# Downloading datasets

## Integrated libraries

If a dataset on the Hub is tied to a [supported library](./datasets-libraries), loading the dataset can be done in just a few lines. For information on accessing the dataset, you can click on the "Use this dataset" button on the dataset page to see how to do so. For example, [`samsum`](https://huggingface.co/datasets/knkarthick/samsum?library=datasets) shows how to do so with `datasets` below.

## Using the Hugging Face Client Library

You can use the [`huggingface_hub`](/docs/huggingface_hub) library to create, delete, update and retrieve information from repos. For example, to download the `HuggingFaceH4/ultrachat_200k` dataset from the command line, run

```bash
hf download HuggingFaceH4/ultrachat_200k --repo-type dataset
```

See the [HF CLI download documentation](https://huggingface.co/docs/huggingface_hub/en/guides/cli#download-a-dataset-or-a-space) for more information.

You can also integrate this into your own library!
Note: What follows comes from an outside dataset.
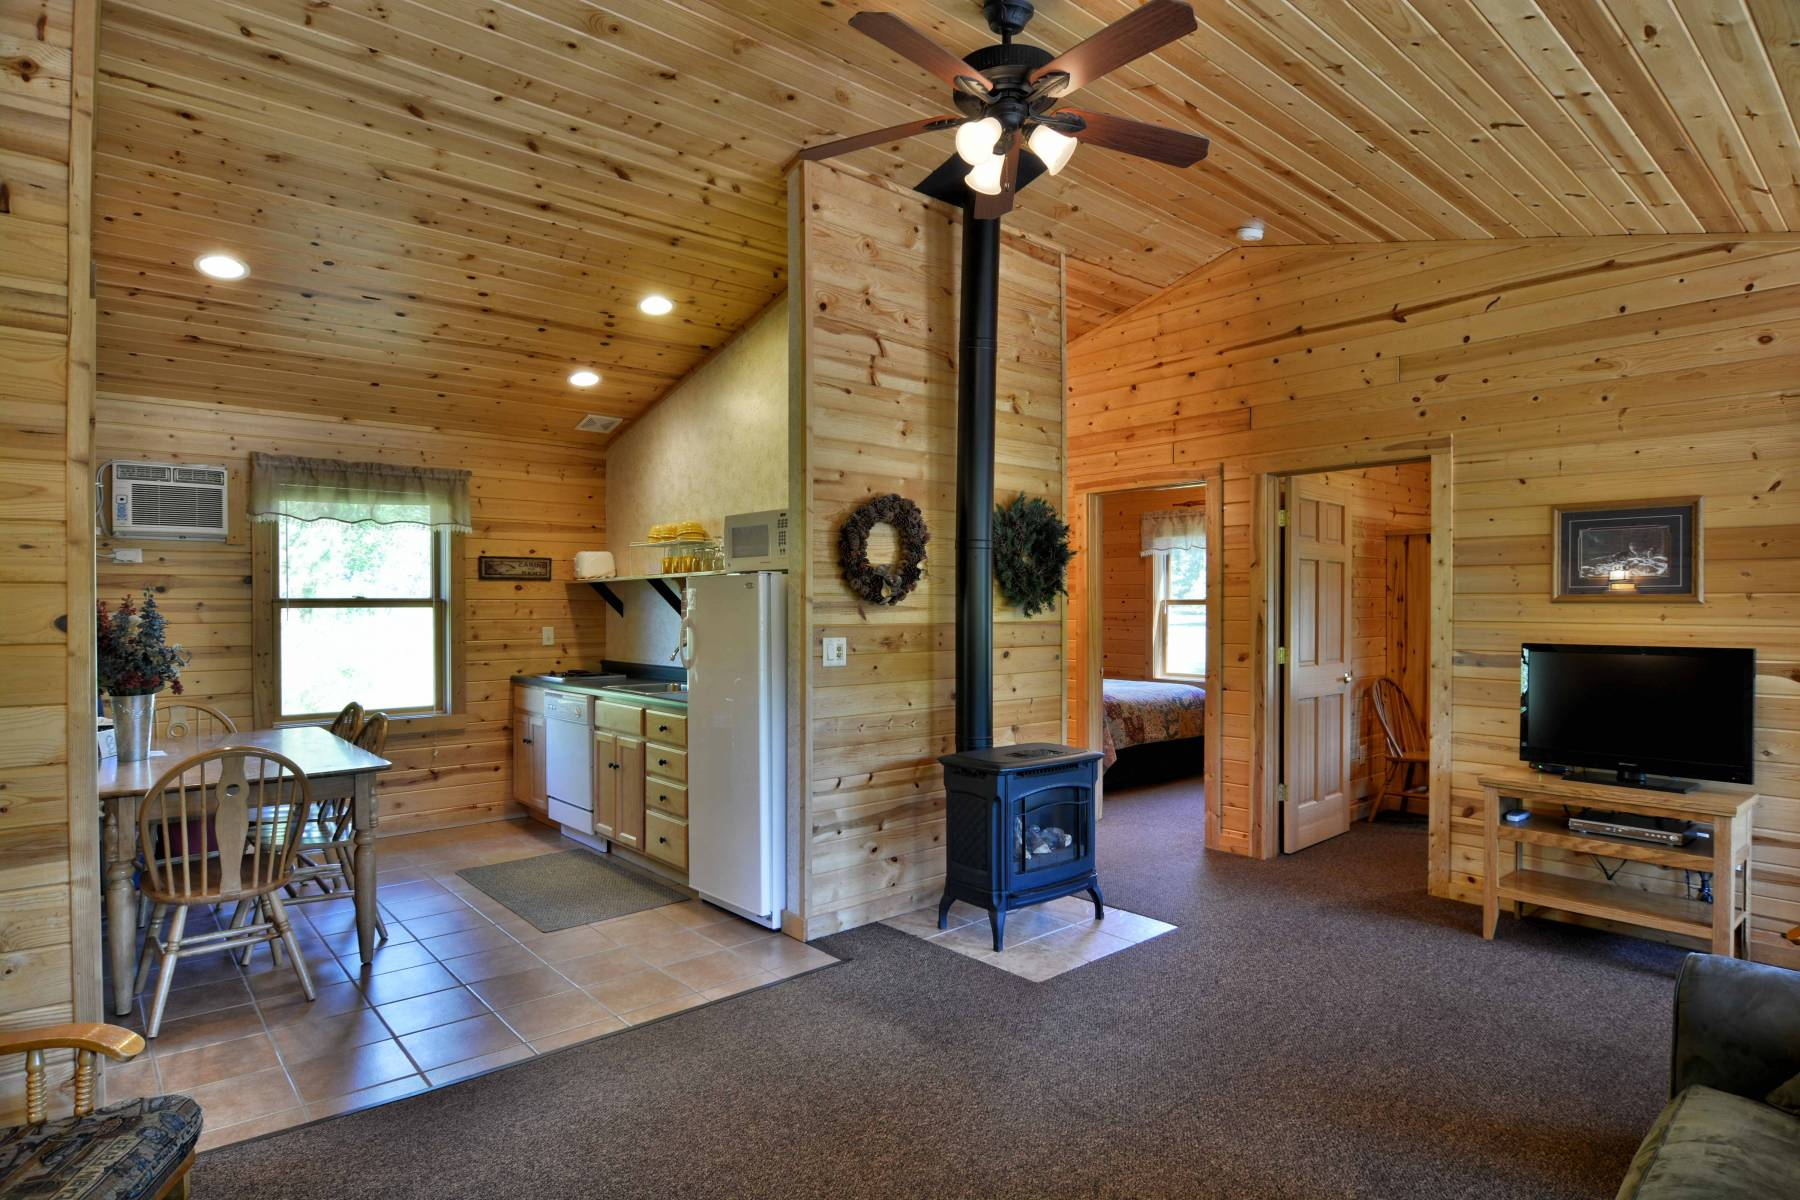 bayfield wisconsin lodging lake superior cottage rentals rh woodsidecottages com lake superior house rentals lake superior cabin rentals mn
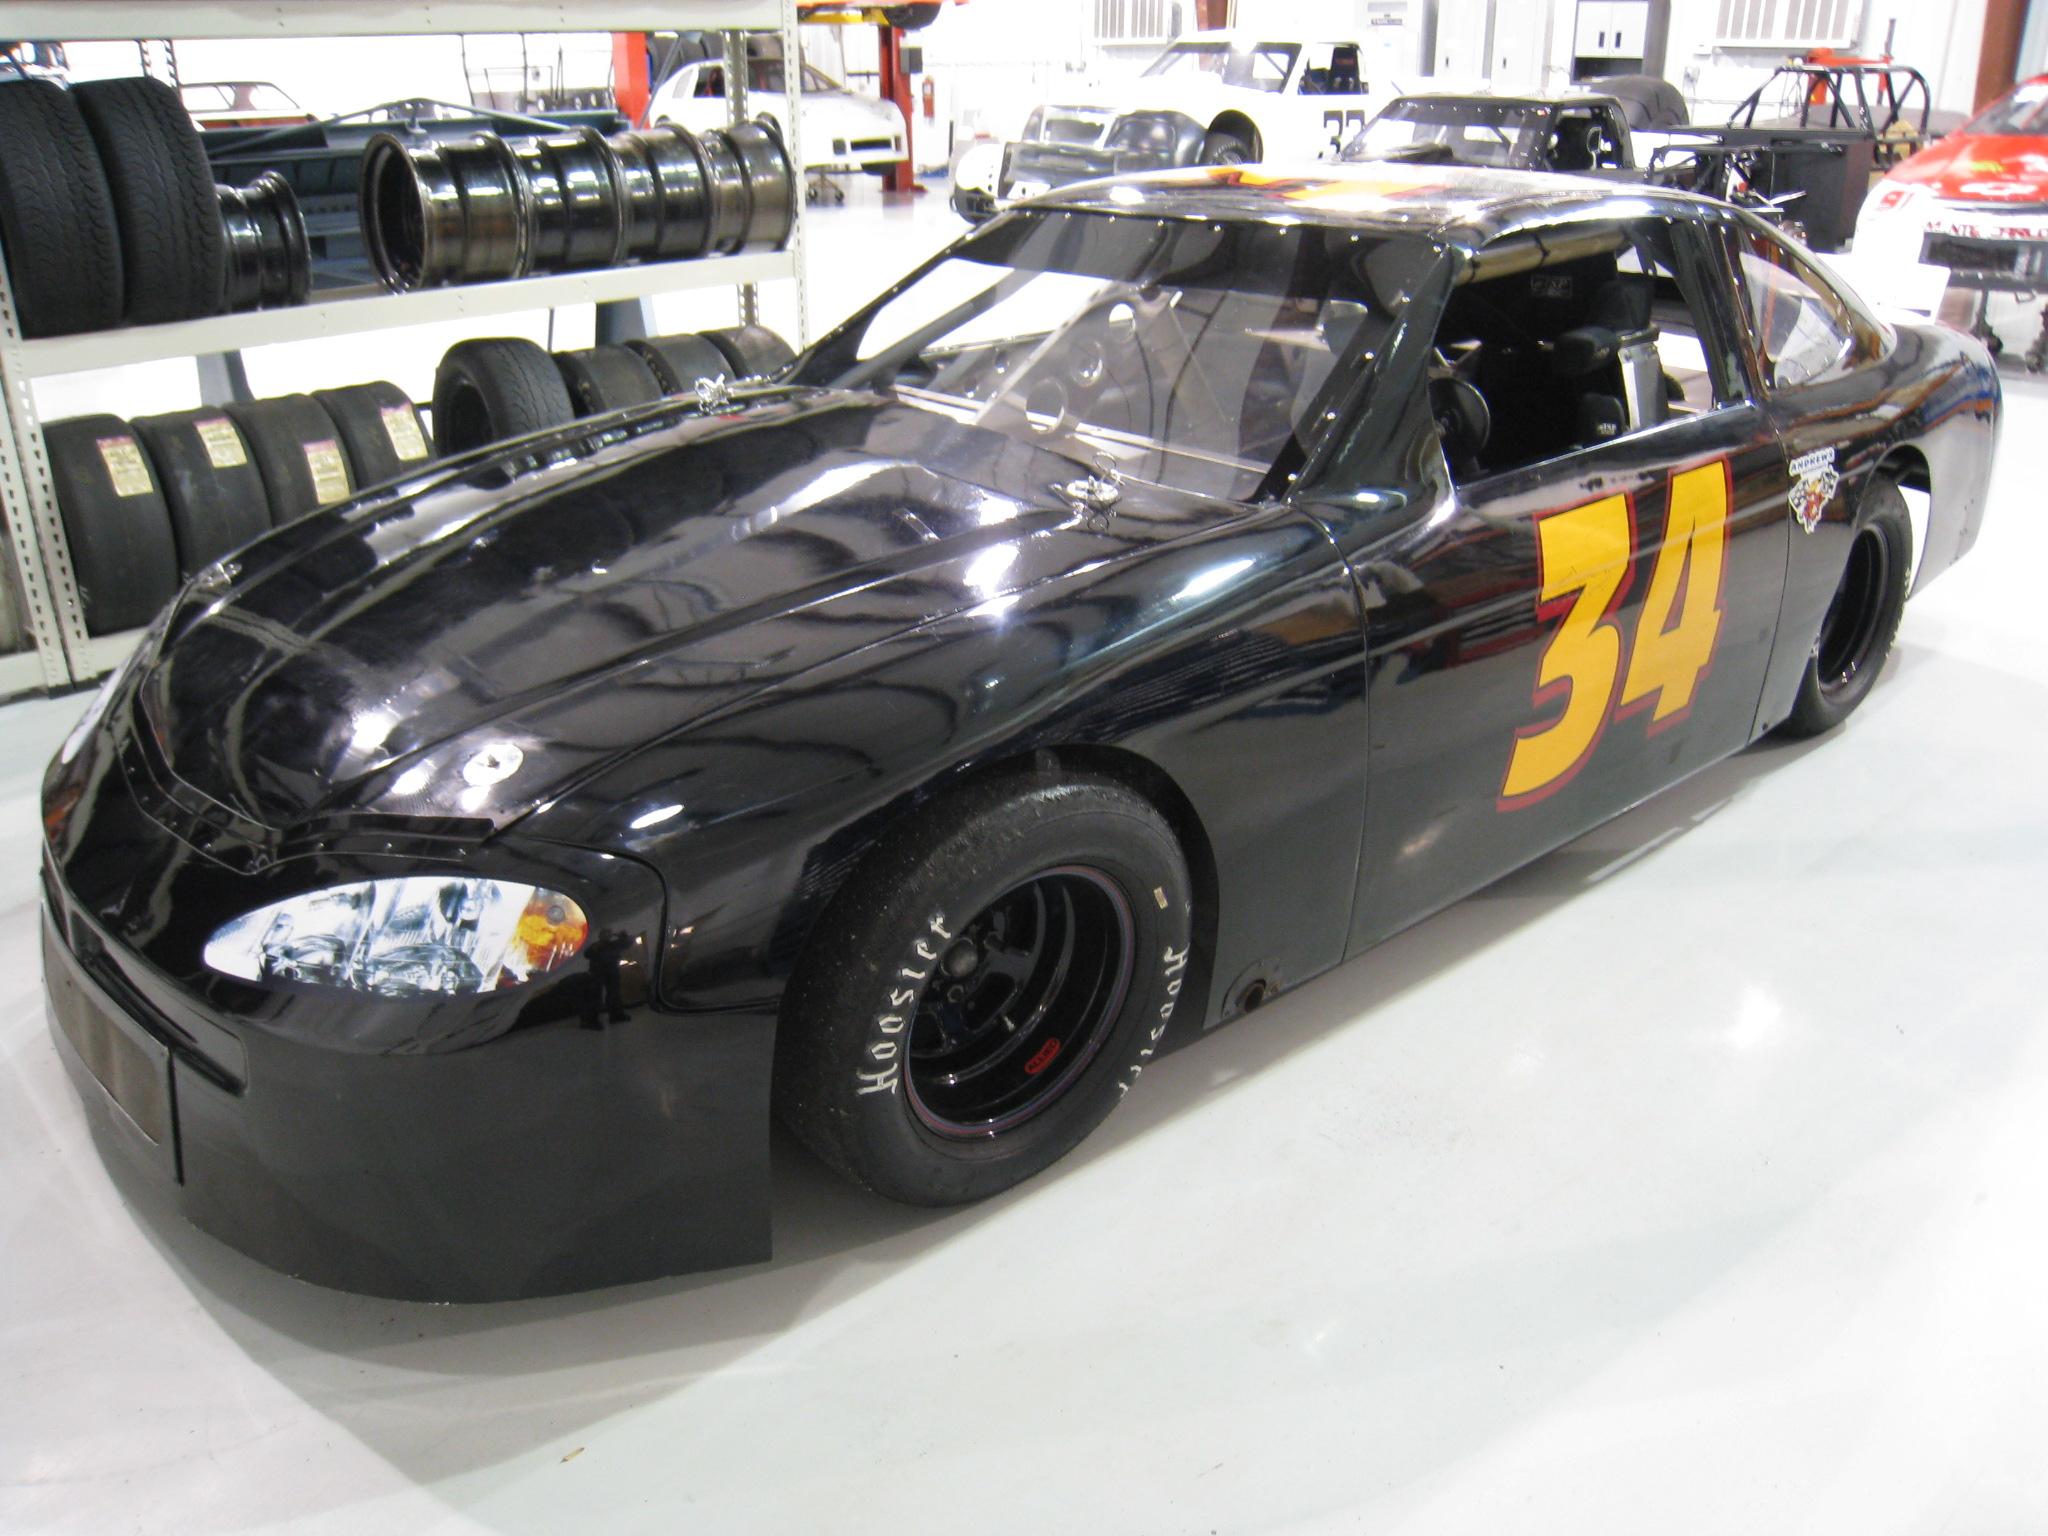 Legend Race Cars, Vintage Motorcyle, MX

For example, you can quickly load a CSV dataset with a few lines using Pandas.
```py
from huggingface_hub import hf_hub_download
import pandas as pd

REPO_ID = "YOUR_REPO_ID"
FILENAME = "data.csv"

dataset = pd.read_csv(
    hf_hub_download(repo_id=REPO_ID, filename=FILENAME, repo_type="dataset")
)
```

## Using Git

Since all datasets on the Hub are Xet-backed Git repositories, you can clone the datasets locally by [installing git-xet](./xet/using-xet-storage#git-xet) and running:

```bash
git xet install
git lfs install
git clone git@hf.co:datasets/<dataset ID> # example: git clone git@hf.co:datasets/allenai/c4
```

If you have write-access to the particular dataset repo, you'll also have the ability to commit and push revisions to the dataset.

Add your SSH public key to [your user settings](https://huggingface.co/settings/keys) to push changes and/or access private repos.

## Using hf-mount

For large datasets, you can mount a repo as a local filesystem with [hf-mount](https://github.com/huggingface/hf-mount) instead of downloading the full repo. Files are fetched lazily — only the bytes your code reads hit the network. Useful when your workflow expects local file paths (e.g. `tarfile`, `zipfile`, `imagefolder`) rather than Python iterators.

```bash
brew install hf-mount
hf-mount start repo datasets/stanfordnlp/imdb /tmp/imdb
```

Repos are mounted read-only. See [Mount as a Local Filesystem](./storage-buckets-access#mount-as-a-local-filesystem) for full setup details, backend options, and caching.